Now for the analysis we converted the factor column into numeric
library(GGally)
ggcorr(traffic3,method = c("everything","pearson"))+ggtitle("Correlation plot ")
the standard deviation is zero
Above plot shows the corelation of the variables using pearson method.
Spliting the data
set.seed(123)
tr_traffic=TRAIN(traffic3)
Length of logical index must be 1 or 864, not 20
ts_traffic=TEST(traffic3)
Length of logical index must be 1 or 864, not 20
Now training the model using train data (i.e tr_traffic).
model_tr=lm(`Traffic Density`~.,data = traffic3)
summary(model_tr)
essentially perfect fit: summary may be unreliable
Call:
lm(formula = `Traffic Density` ~ ., data = traffic3)
Residuals:
Min 1Q Median 3Q Max
-1.424e-12 -7.330e-15 8.000e-16 9.100e-15 7.075e-13
Coefficients: (1 not defined because of singularities)
Estimate Std. Error t value Pr(>|t|)
(Intercept) -3.481e-14 1.353e-14 -2.572e+00 0.0103 *
`Two wheelers` 5.000e-01 2.782e-16 1.797e+15 <2e-16 ***
`Autorickshaw (3w)` 1.000e+00 1.150e-15 8.699e+14 <2e-16 ***
`4 Wheel Auto` 1.000e+00 4.541e-15 2.202e+14 <2e-16 ***
Taxi 1.000e+00 1.890e-15 5.291e+14 <2e-16 ***
`Car/Jeep/Van` 1.000e+00 2.890e-16 3.461e+15 <2e-16 ***
`Mini Bus` 1.500e+00 2.290e-15 6.549e+14 <2e-16 ***
`Standard Bus` 3.000e+00 7.419e-16 4.044e+15 <2e-16 ***
`Mini LCV` 1.000e+00 9.177e-16 1.090e+15 <2e-16 ***
LCV 1.500e+00 8.967e-16 1.673e+15 <2e-16 ***
`2-AxleTruck` 3.000e+00 8.798e-16 3.410e+15 <2e-16 ***
`3-AxleTruck` 3.000e+00 6.885e-16 4.357e+15 <2e-16 ***
`MAV (4 Axle and above)` 4.500e+00 5.153e-16 8.732e+15 <2e-16 ***
Tractor 1.500e+00 1.860e-15 8.066e+14 <2e-16 ***
Cycle 5.000e-01 1.325e-14 3.772e+13 <2e-16 ***
`Cycle Rickshaw` 2.000e+00 2.361e-14 8.469e+13 <2e-16 ***
Carts NA NA NA NA
day 7.503e-16 1.105e-15 6.790e-01 0.4975
hour 9.565e-16 4.017e-16 2.381e+00 0.0175 *
minute -2.590e-16 1.882e-15 -1.380e-01 0.8905
---
Signif. codes: 0 ‘***’ 0.001 ‘**’ 0.01 ‘*’ 0.05 ‘.’ 0.1 ‘ ’ 1
Residual standard error: 6.11e-14 on 845 degrees of freedom
Multiple R-squared: 1, Adjusted R-squared: 1
F-statistic: 1.157e+31 on 18 and 845 DF, p-value: < 2.2e-16
Now as we see carts column is showing 0 values only which is taken as NA so we can remove carts from the model.

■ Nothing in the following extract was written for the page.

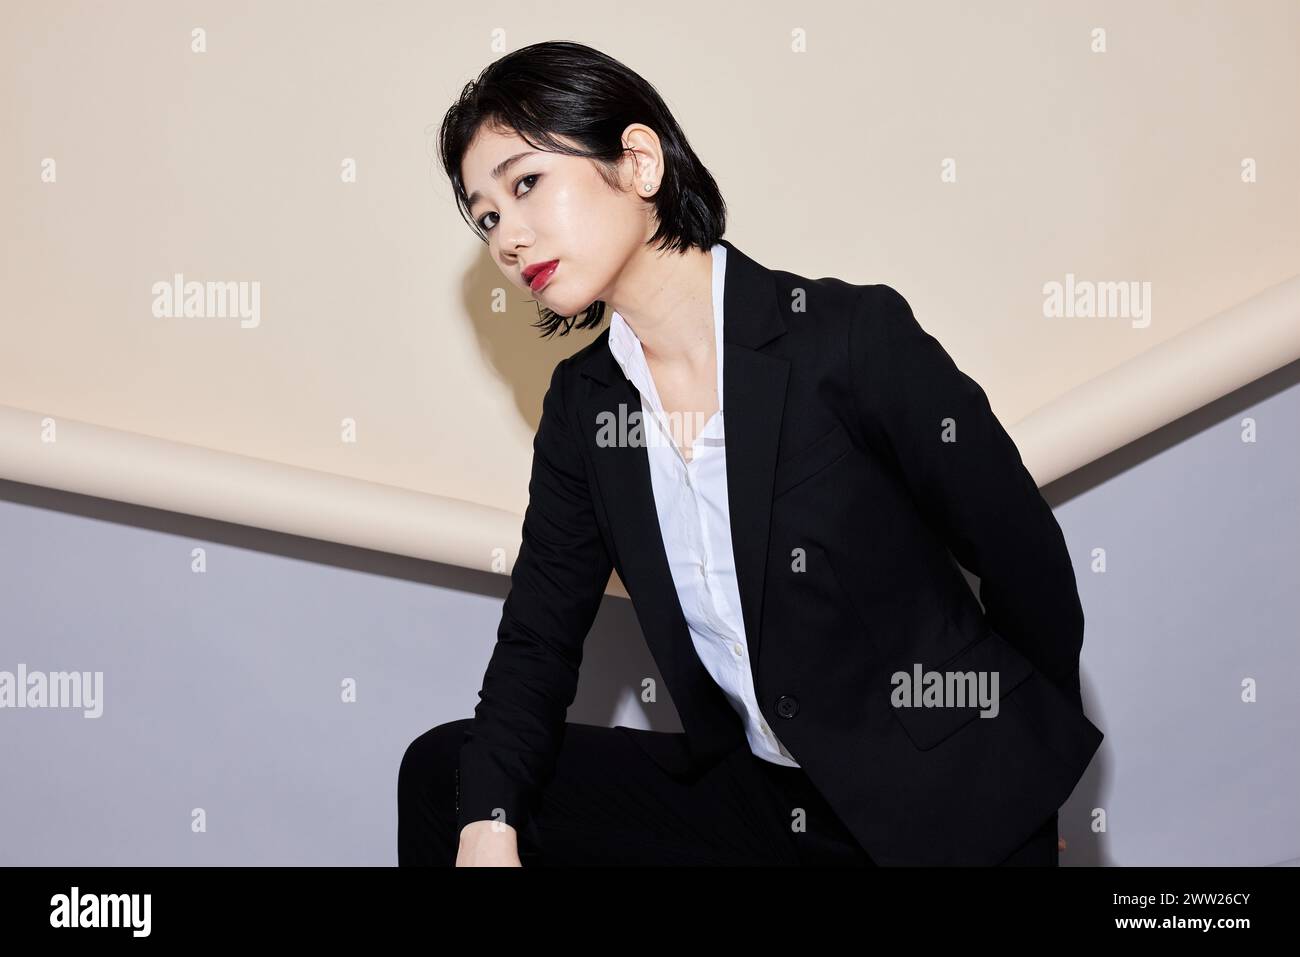 A woman in a business suit standing against a wall Stock Photo

Making predictions using test data:
prediction_tr=predict(model_tr,ts_traffic)
prediction from a rank-deficient fit may be misleading
head(prediction_tr)
1 2 3 4 5 6
145.0 145.5 113.5 46.0 118.5 100.5
Checking the validity of the data:
RMSE(ts_traffic$`Traffic Density`,prediction_tr)
[1] "rmse of predicted and orignal data is = 5.5429767098568e-14"
As the value of rmse is very low thus it signifies that the validity of model is very good.